🤖 AI Summary
To address the need for label-free, real-time, low-cost, and non-destructive single-cell classification and sorting in biomedical applications, this paper proposes an end-to-end FPGA-embedded system for lymphocyte subpopulation (CD4⁺/CD8⁺/B) identification. We introduce a novel teacher–student knowledge distillation framework to achieve extreme model compression—the student network retains only 0.02% of the original model’s parameters. A hardware-software co-optimized inference engine is designed, integrating a bright-field image preprocessing pipeline with on-chip deep learning execution on a Xilinx FPGA. The system achieves an end-to-end latency of 24.7 μs (40× faster than prior art) and an inference latency of 14.5 μs (12× faster), setting a new state-of-the-art. Classification accuracy reaches 98% for CD4⁺/B discrimination and 93% for zero-shot CD8⁺/B classification—demonstrating high fidelity without labeled training data for the latter.
📝 Abstract
Precise cell classification is essential in biomedical diagnostics and therapeutic monitoring, particularly for identifying diverse cell types involved in various diseases. Traditional cell classification methods such as flow cytometry depend on molecular labeling which is often costly, time-intensive, and can alter cell integrity. To overcome these limitations, we present a label-free machine learning framework for cell classification, designed for real-time sorting applications using bright-field microscopy images. This approach leverages a teacher-student model architecture enhanced by knowledge distillation, achieving high efficiency and scalability across different cell types. Demonstrated through a use case of classifying lymphocyte subsets, our framework accurately classifies T4, T8, and B cell types with a dataset of 80,000 preprocessed images, accessible via an open-source Python package for easy adaptation.

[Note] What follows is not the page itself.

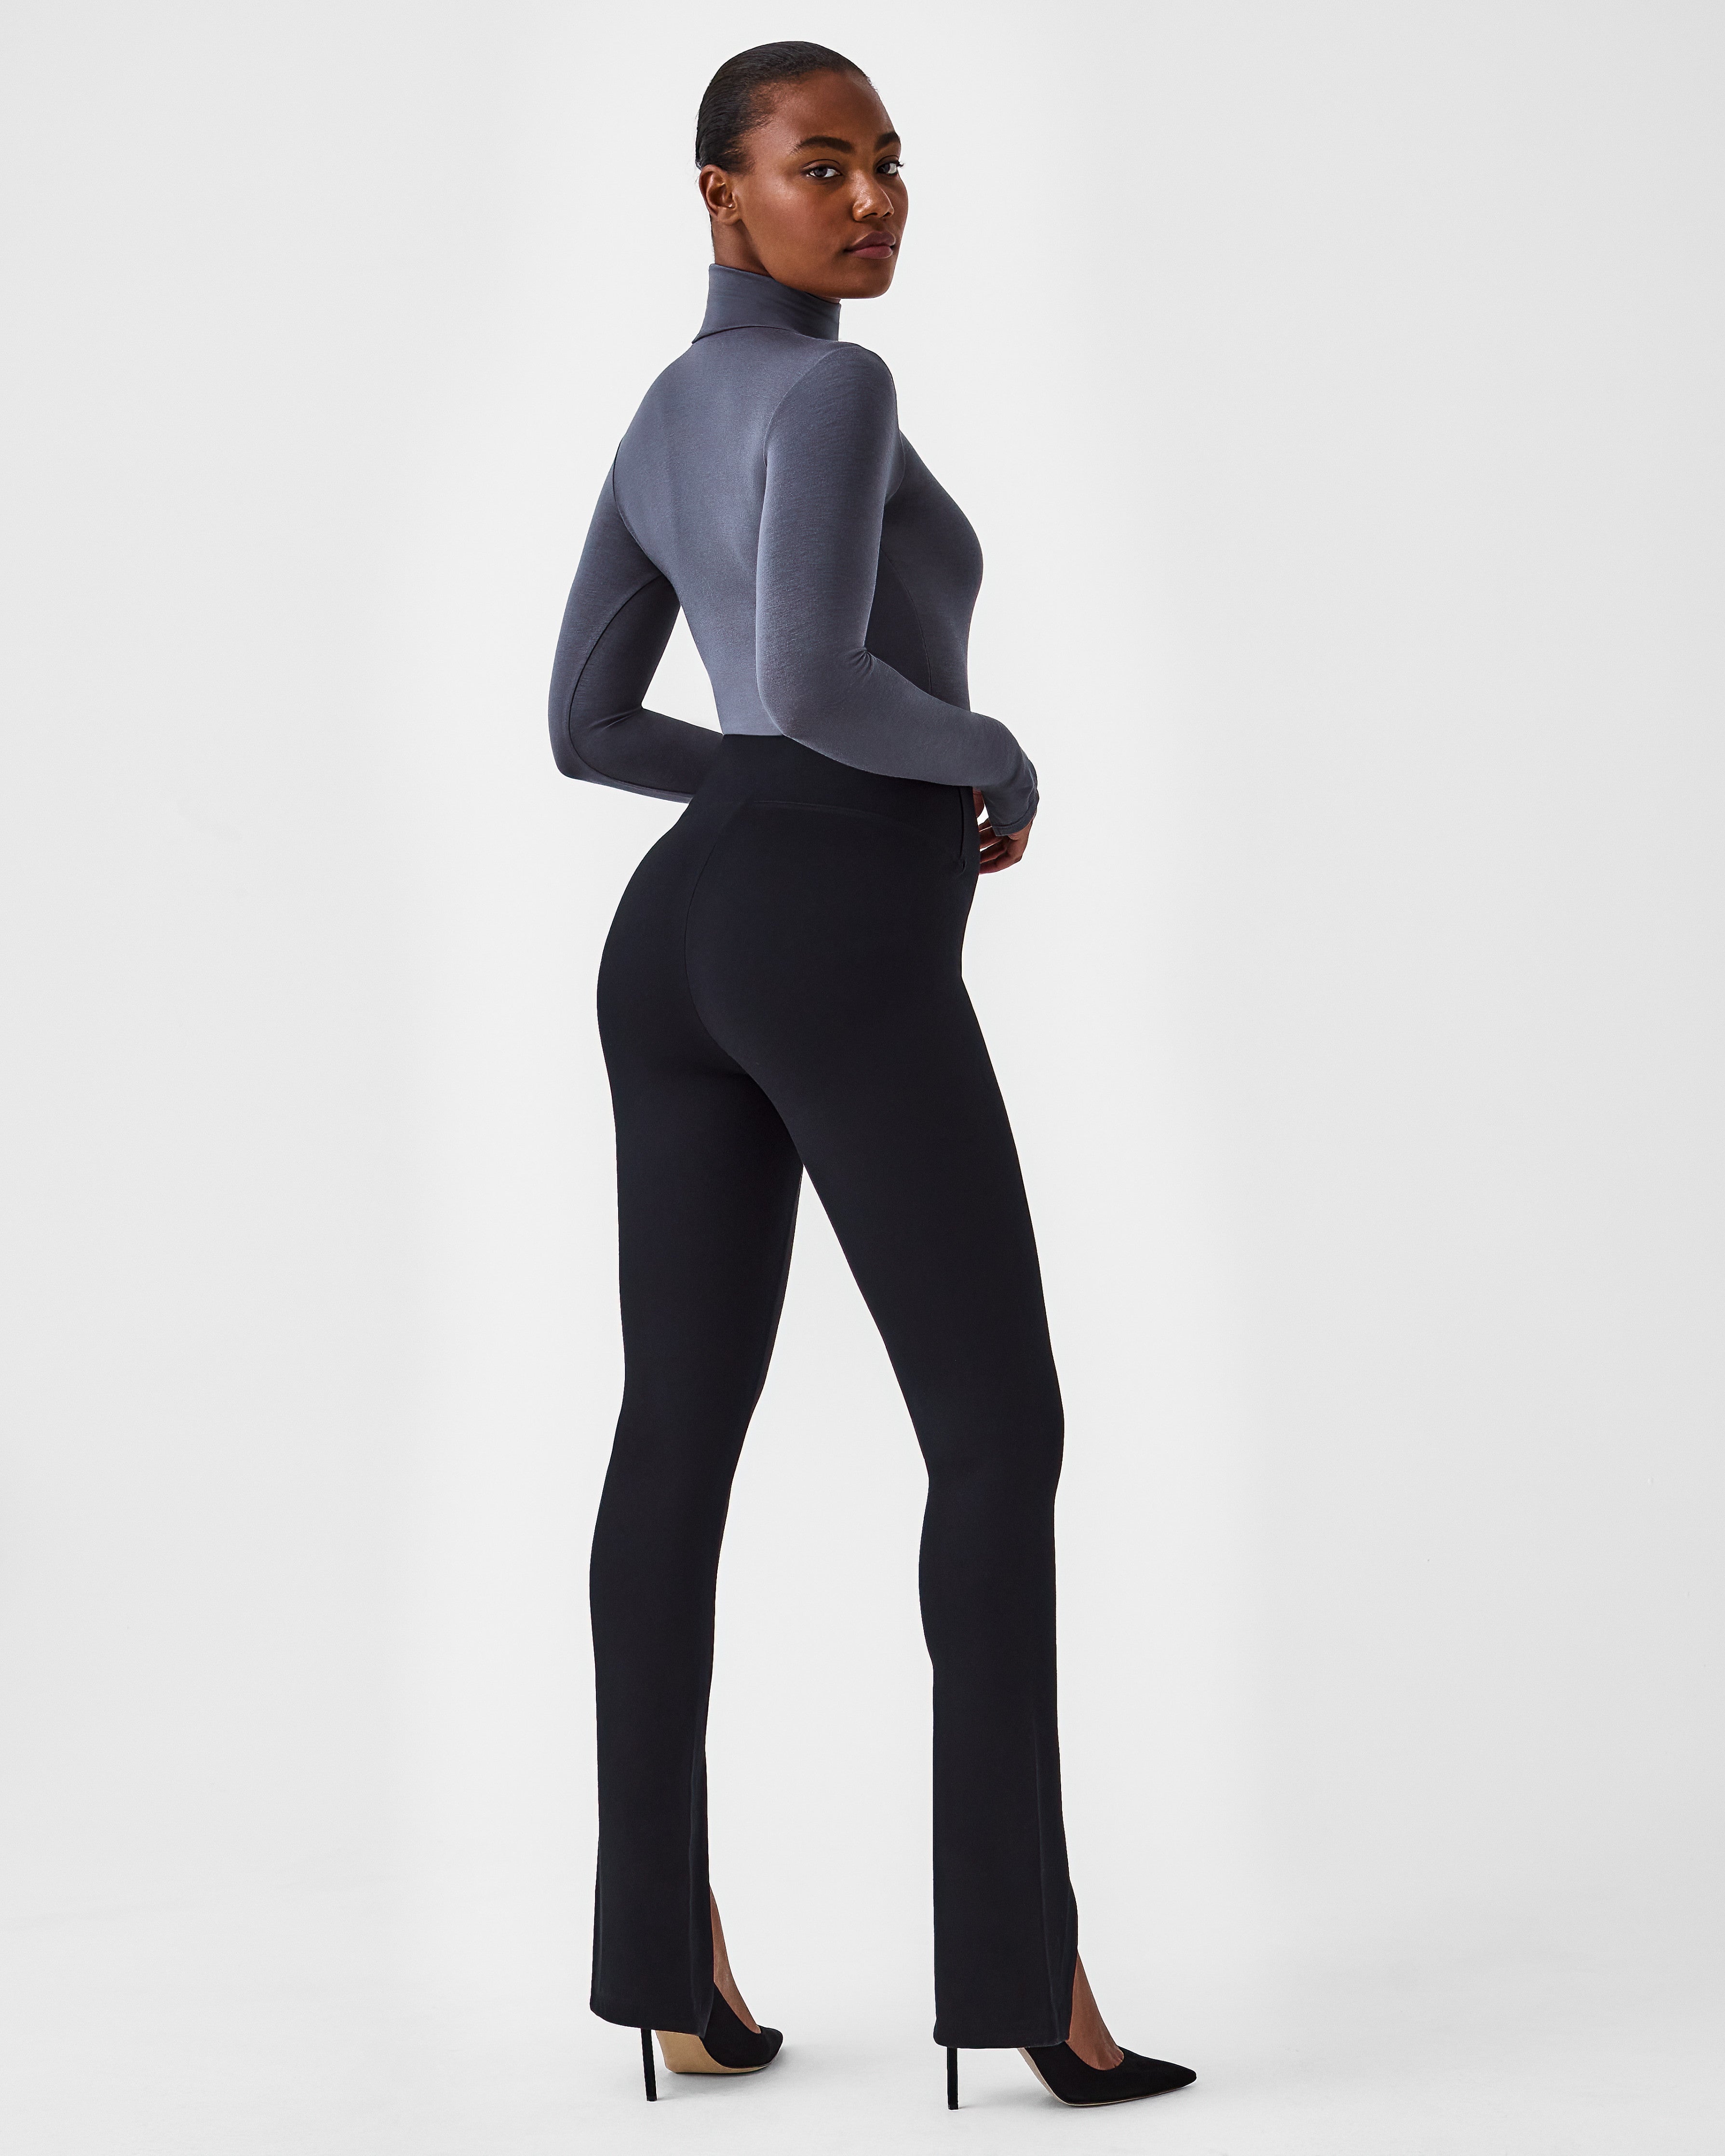 Spanx's Ultra-Flattering Leggings with a Built-In Sculpting Secret

Our teacher model attained 98% accuracy in differentiating T4 cells from B cells and 93% accuracy in zero-shot classification between T8 and B cells. Remarkably, our student model operates with only 0.02% of the teacher model's parameters, enabling field-programmable gate array (FPGA) deployment. Our FPGA-accelerated student model achieves an ultra-low inference latency of just 14.5~$mu$s and a complete cell detection-to-sorting trigger time of 24.7~$mu$s, delivering 12x and 40x improvements over the previous state-of-the-art real-time cell analysis algorithm in inference and total latency, respectively, while preserving accuracy comparable to the teacher model. This framework provides a scalable, cost-effective solution for lymphocyte classification, as well as a new SOTA real-time cell sorting implementation for rapid identification of subsets using in situ deep learning on off-the-shelf computing hardware.